Me reí nerviosa, aunque había un nudo en mi pecho. —No es nada serio. Apenas lo conozco.
—Ajá… —Isabelle me sostuvo la mirada, como si pudiera leerme la mente—. Pues para “apenas conocerlo”, lo buscas con los ojos cada vez que giras la cabeza.

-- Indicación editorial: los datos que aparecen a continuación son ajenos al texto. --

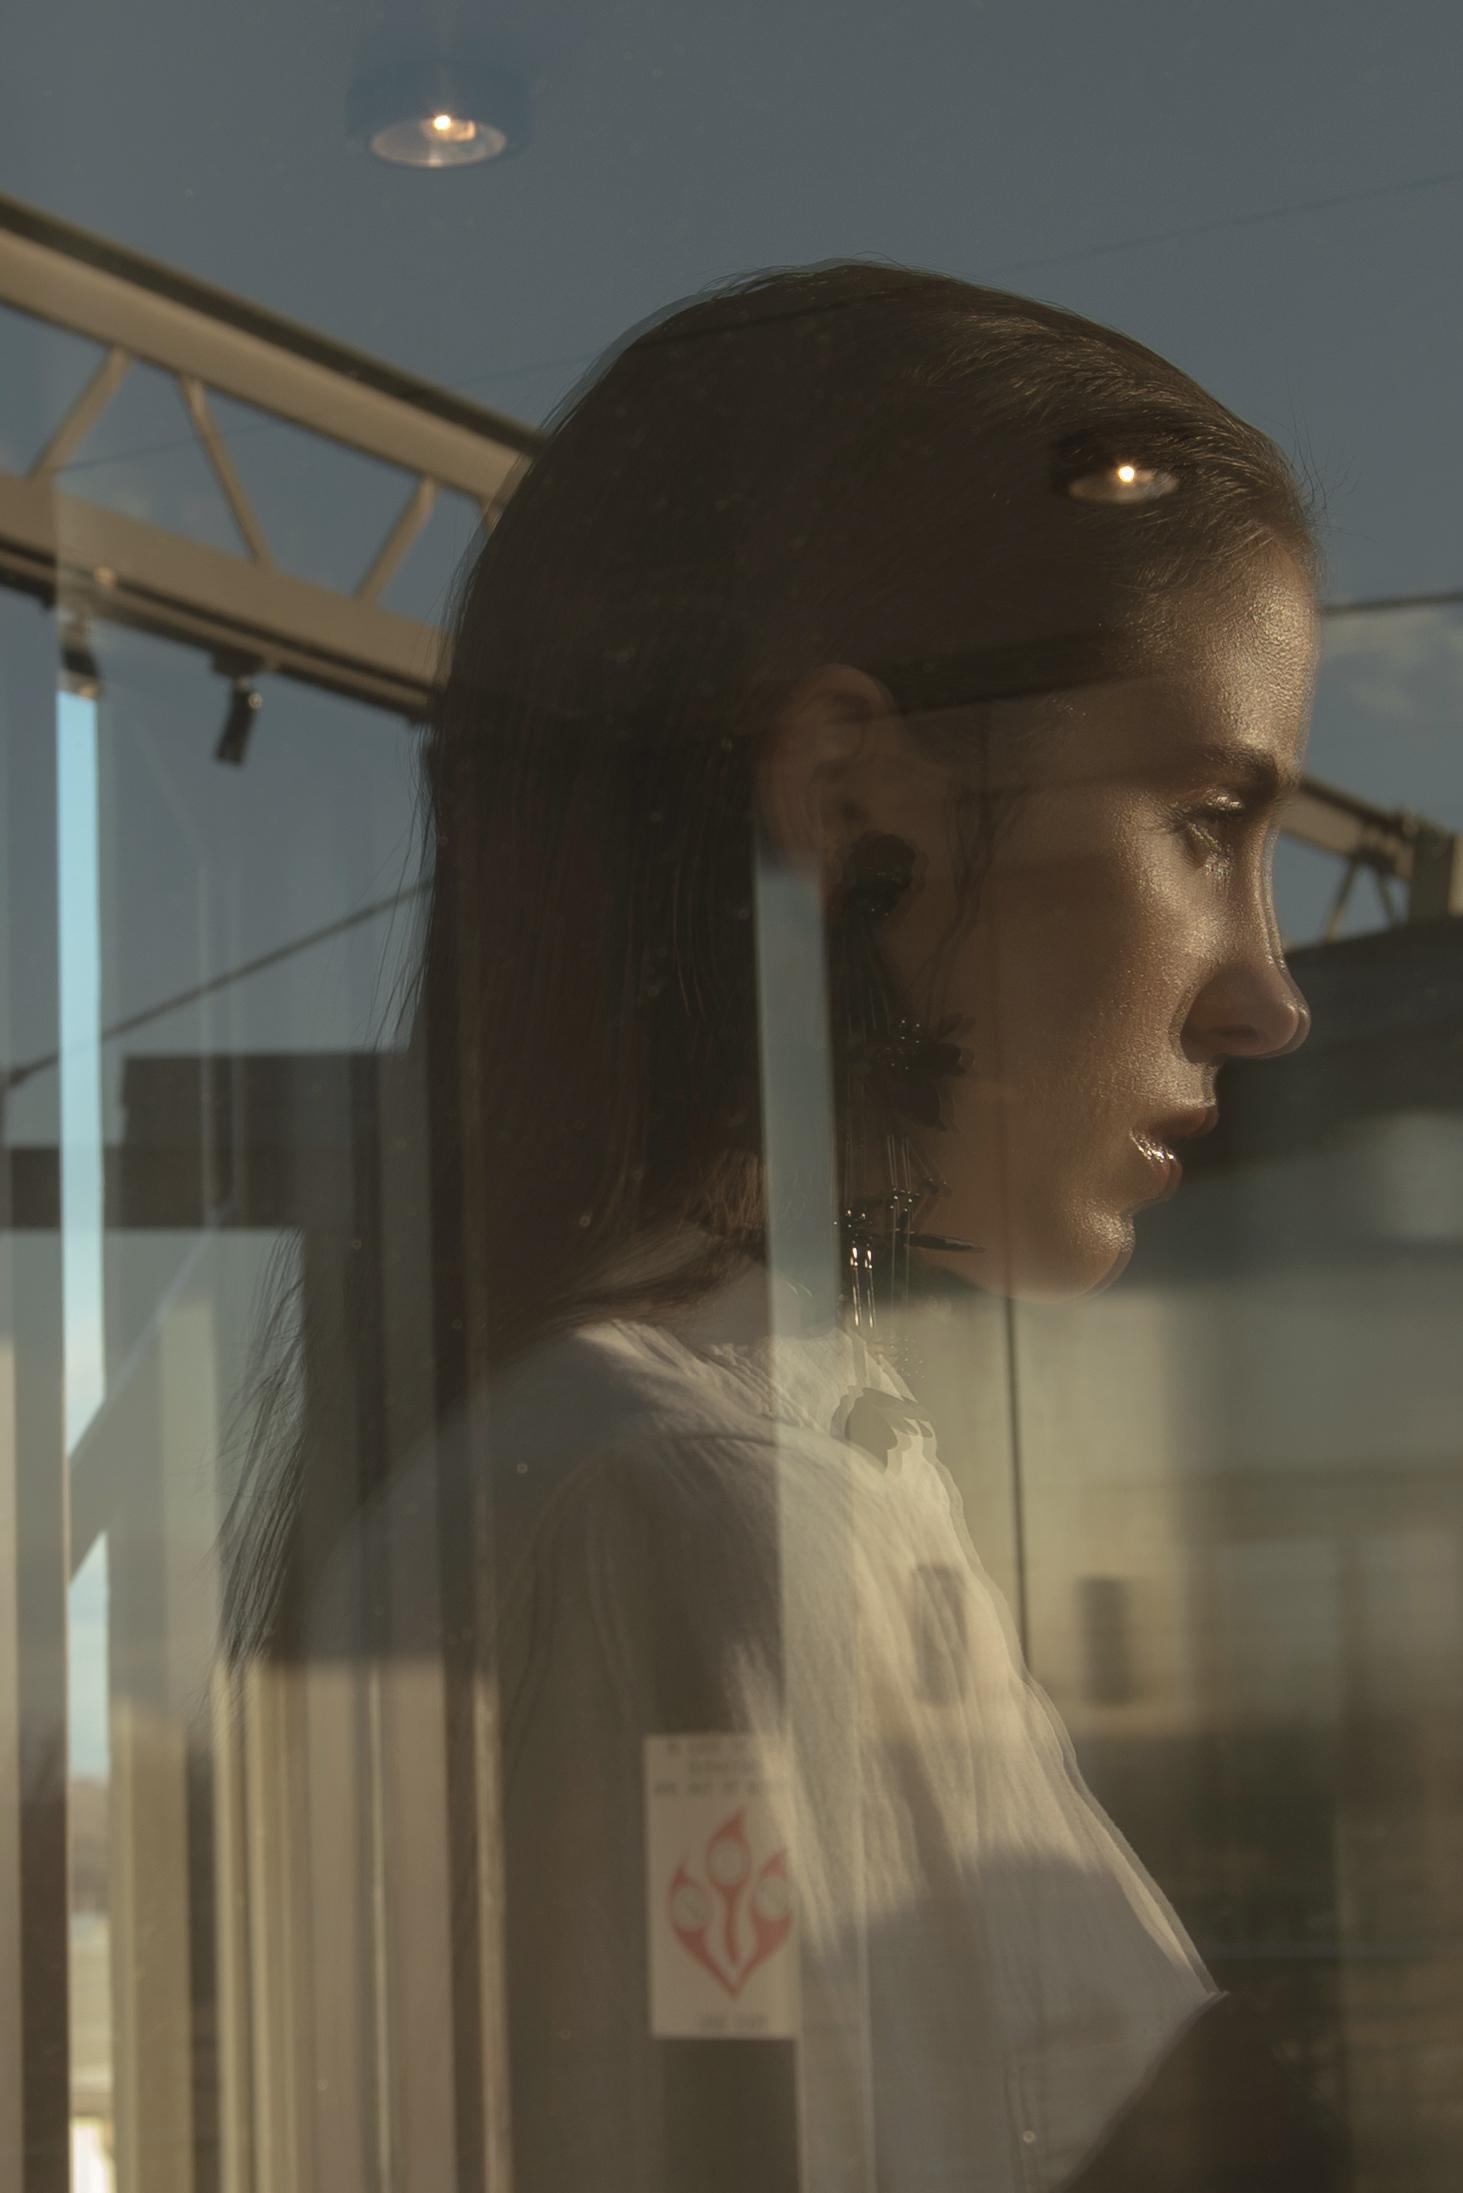 Blair-Rachel-Look7 (3 of 3)cropfinal.jpg

Sentí el calor treparme por la piel como fuego, y no supe qué responder. Mis amigas estallaron en risas otra vez, pero yo… yo solo pensé en él. En la forma en que su presencia había comenzado a habitar mis días, como un eco que no podía acallar.
Me forcé a reír, aunque por dentro las palabras pesaban como plomo: si tan solo supieran que él ya es imposible de ignorar, aunque yo siga negándolo.